### Information provided
##########

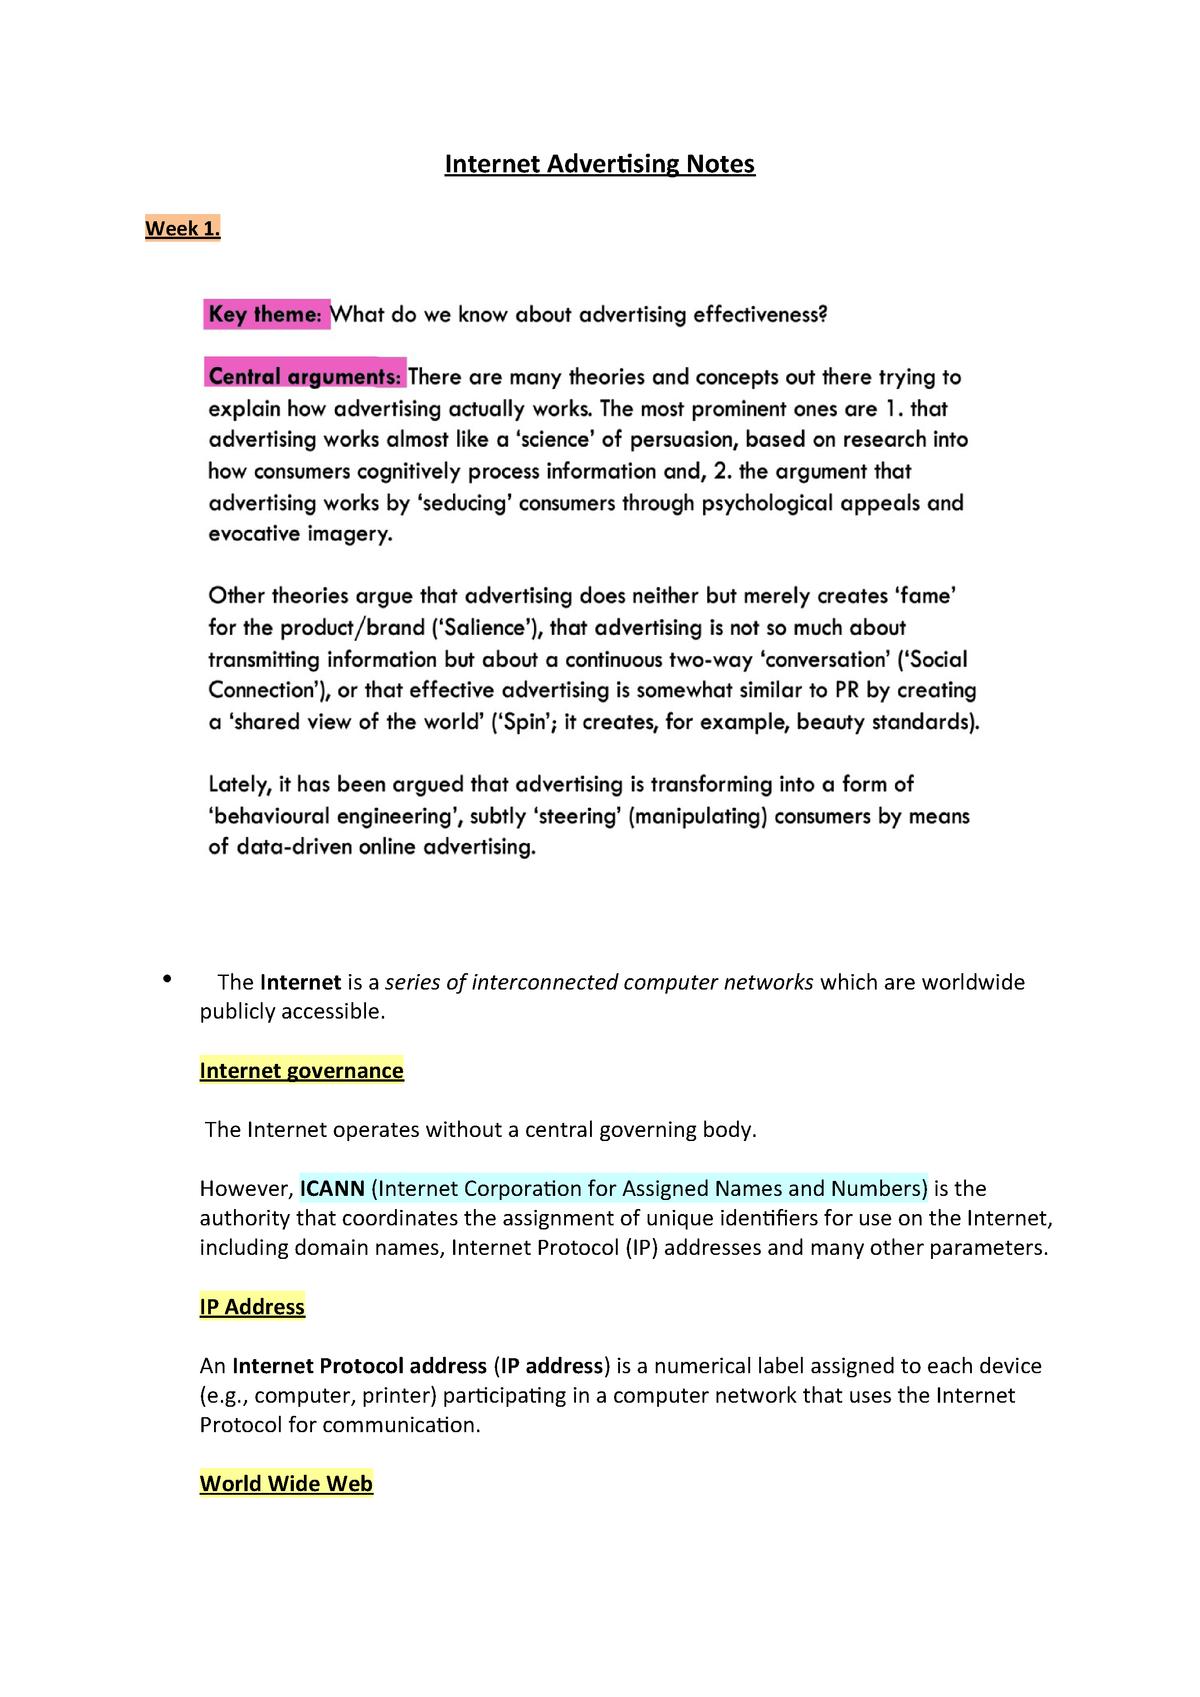 Internet Advertising Notes - ADVT11-140: Internet Advertising - StuDocu
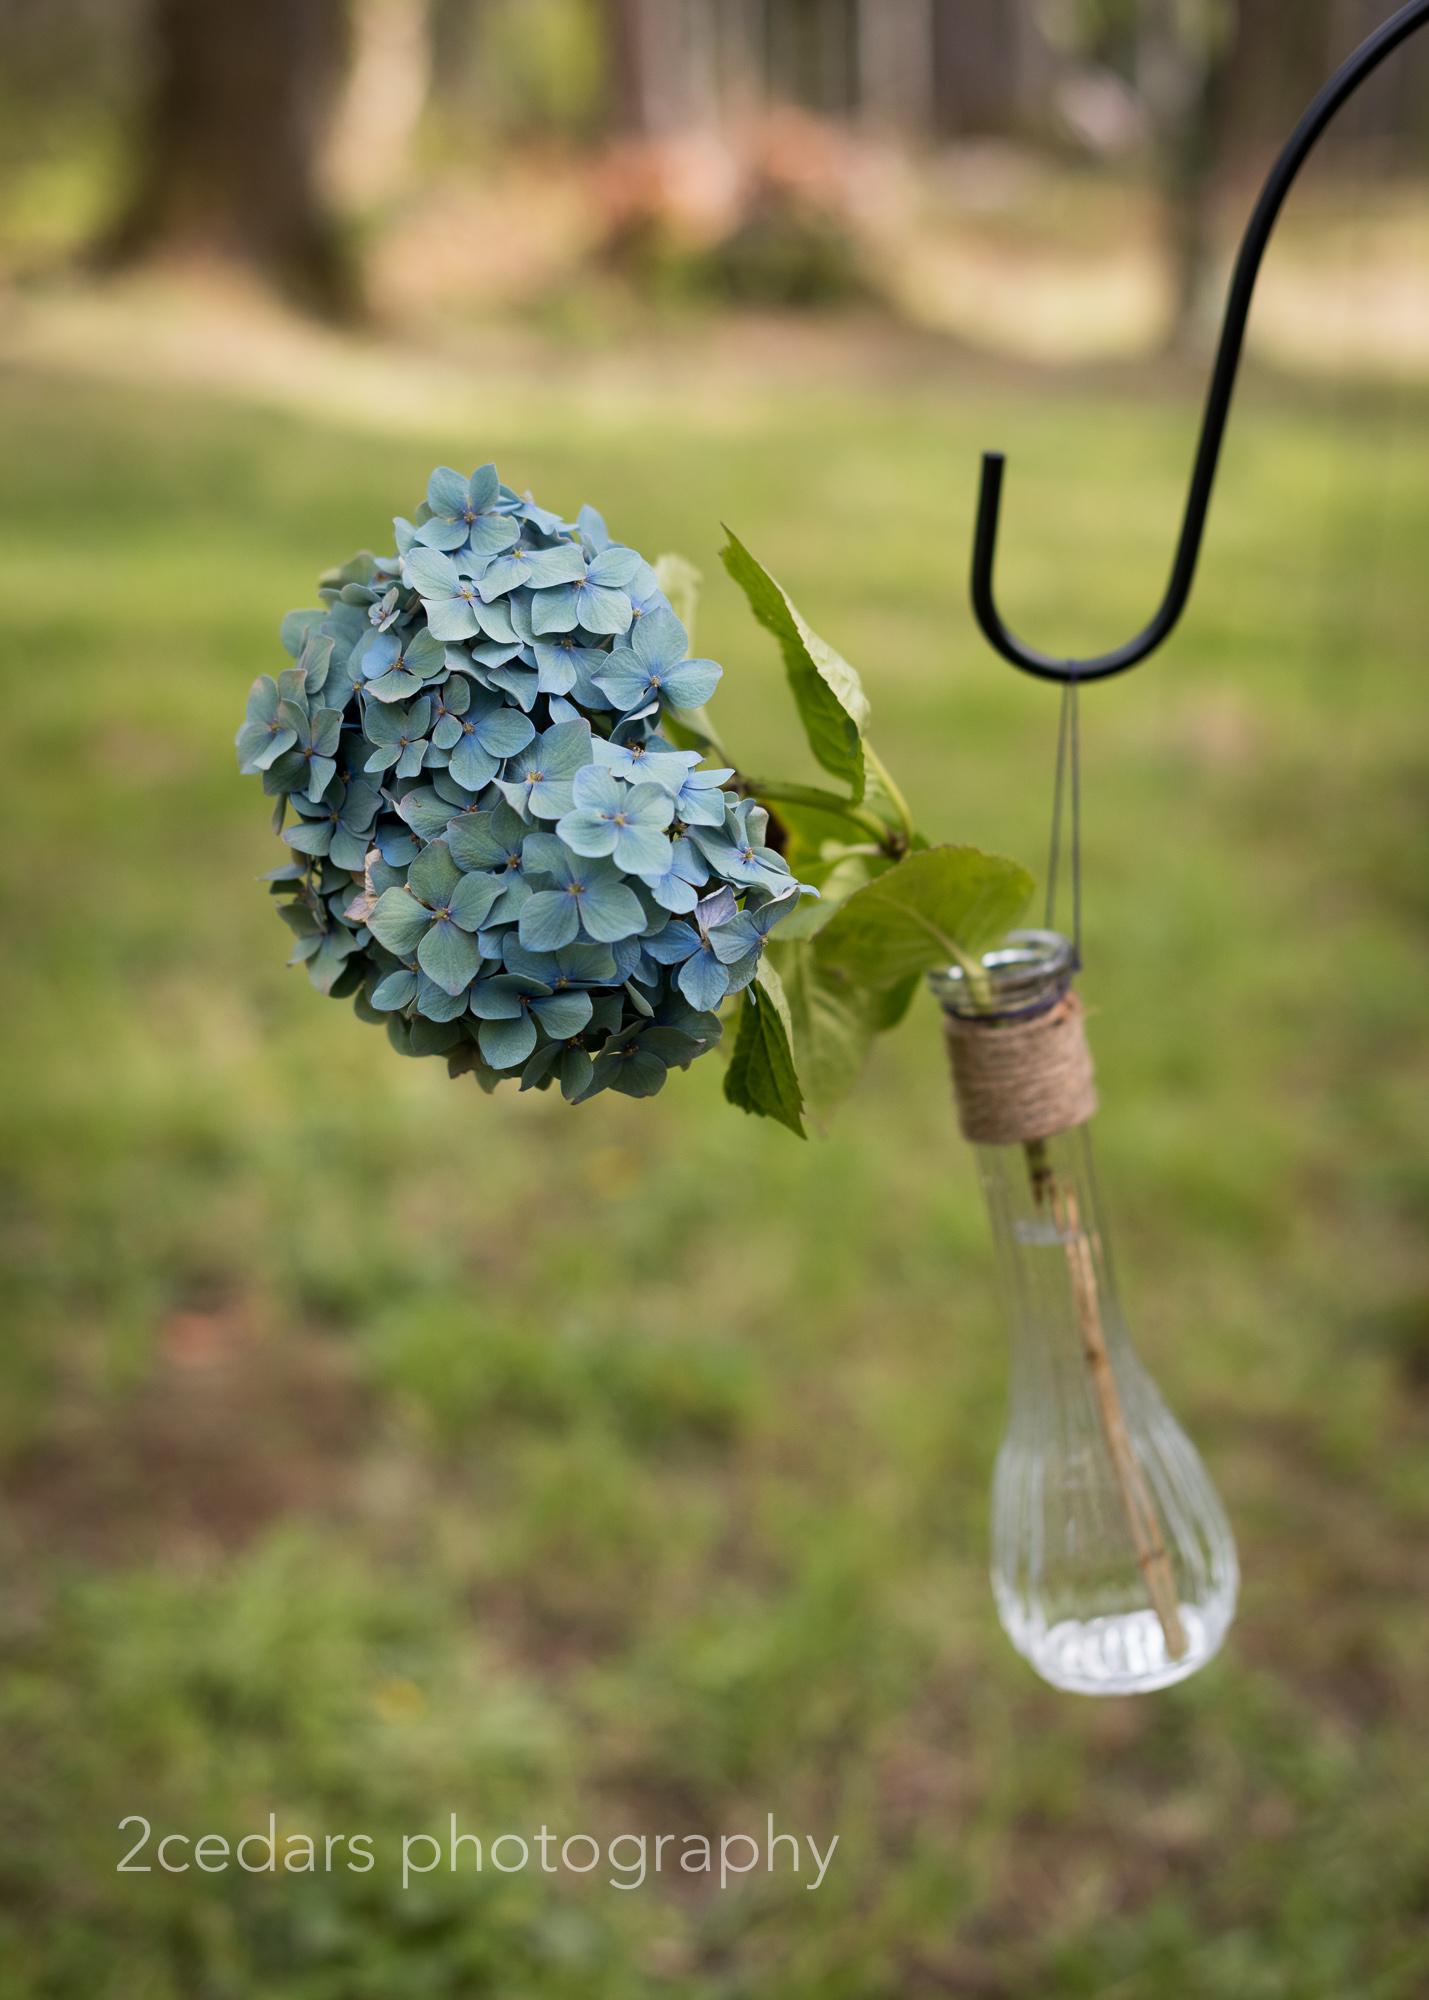 Hydrangeas in a bottle natural wedding decor
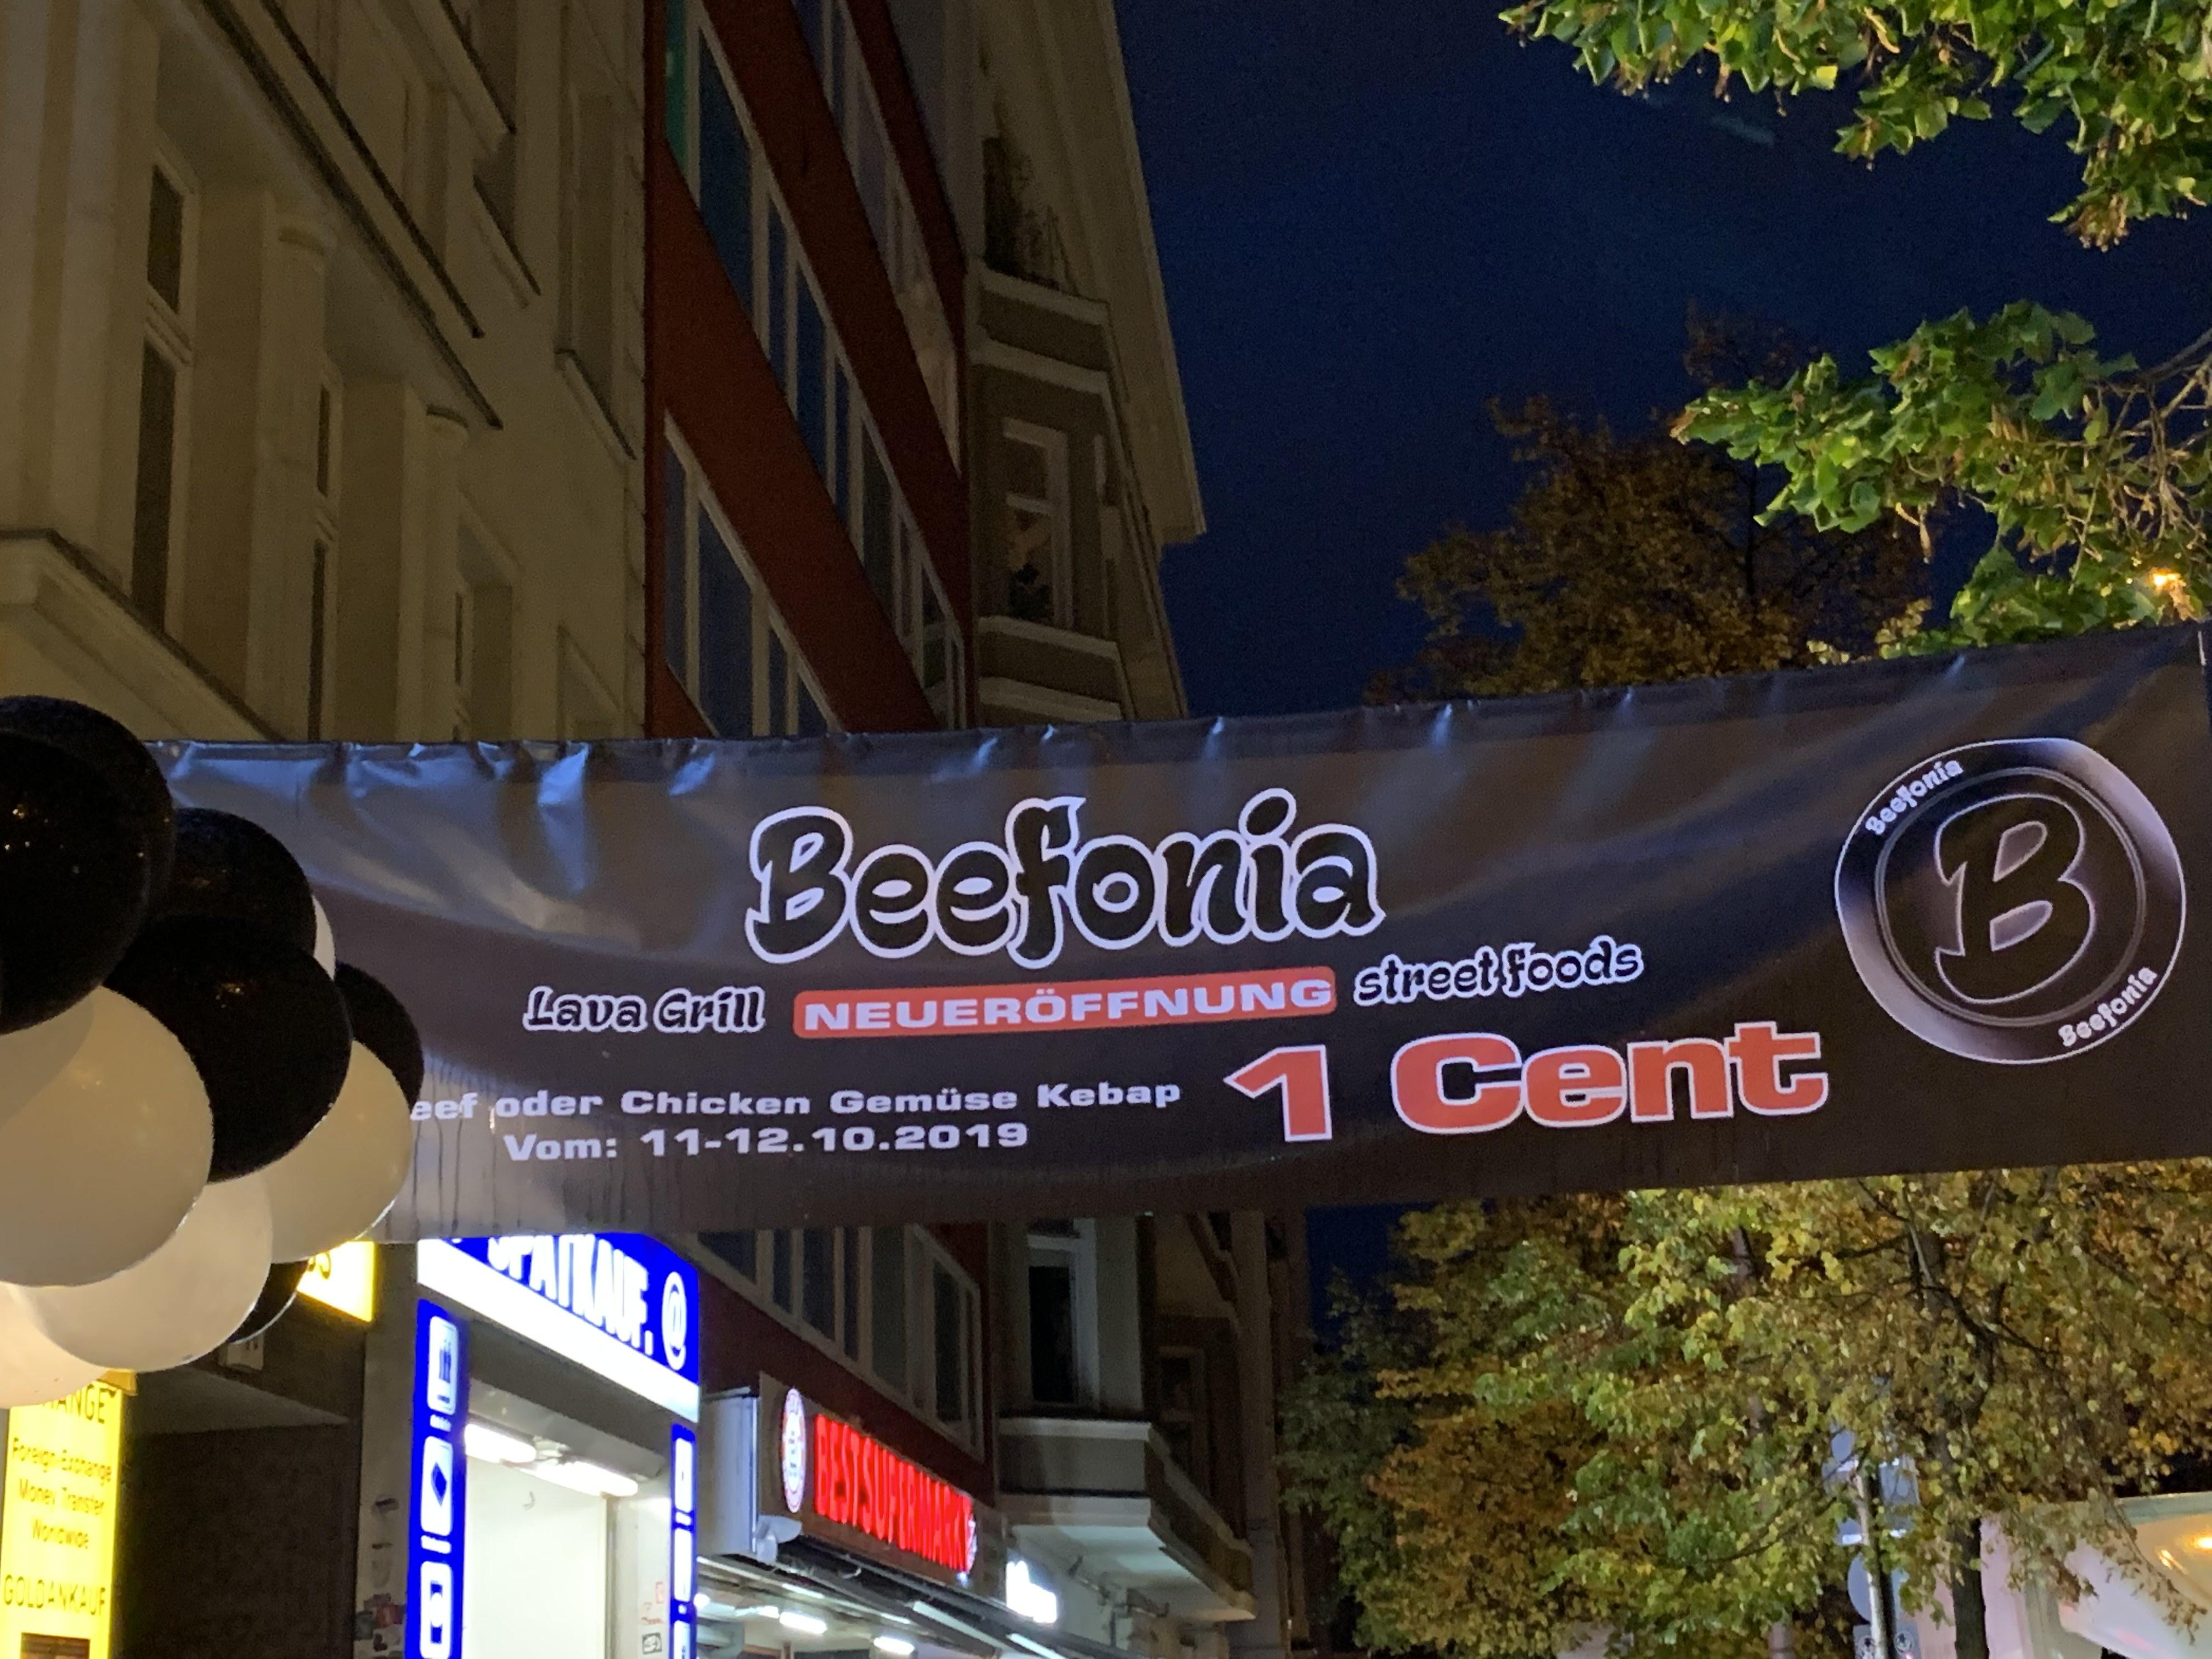 Döner 1 Cent - Beefonia Neueröffnung   Berlin

##########

From the first line to the last, transcribe the listing exactly; skip the pictures.

 Internet Advertising Notes - ADVT11-140: Internet Advertising - StuDocu
 Hydrangeas in a bottle natural wedding decor
 Döner 1 Cent - Beefonia Neueröffnung   Berlin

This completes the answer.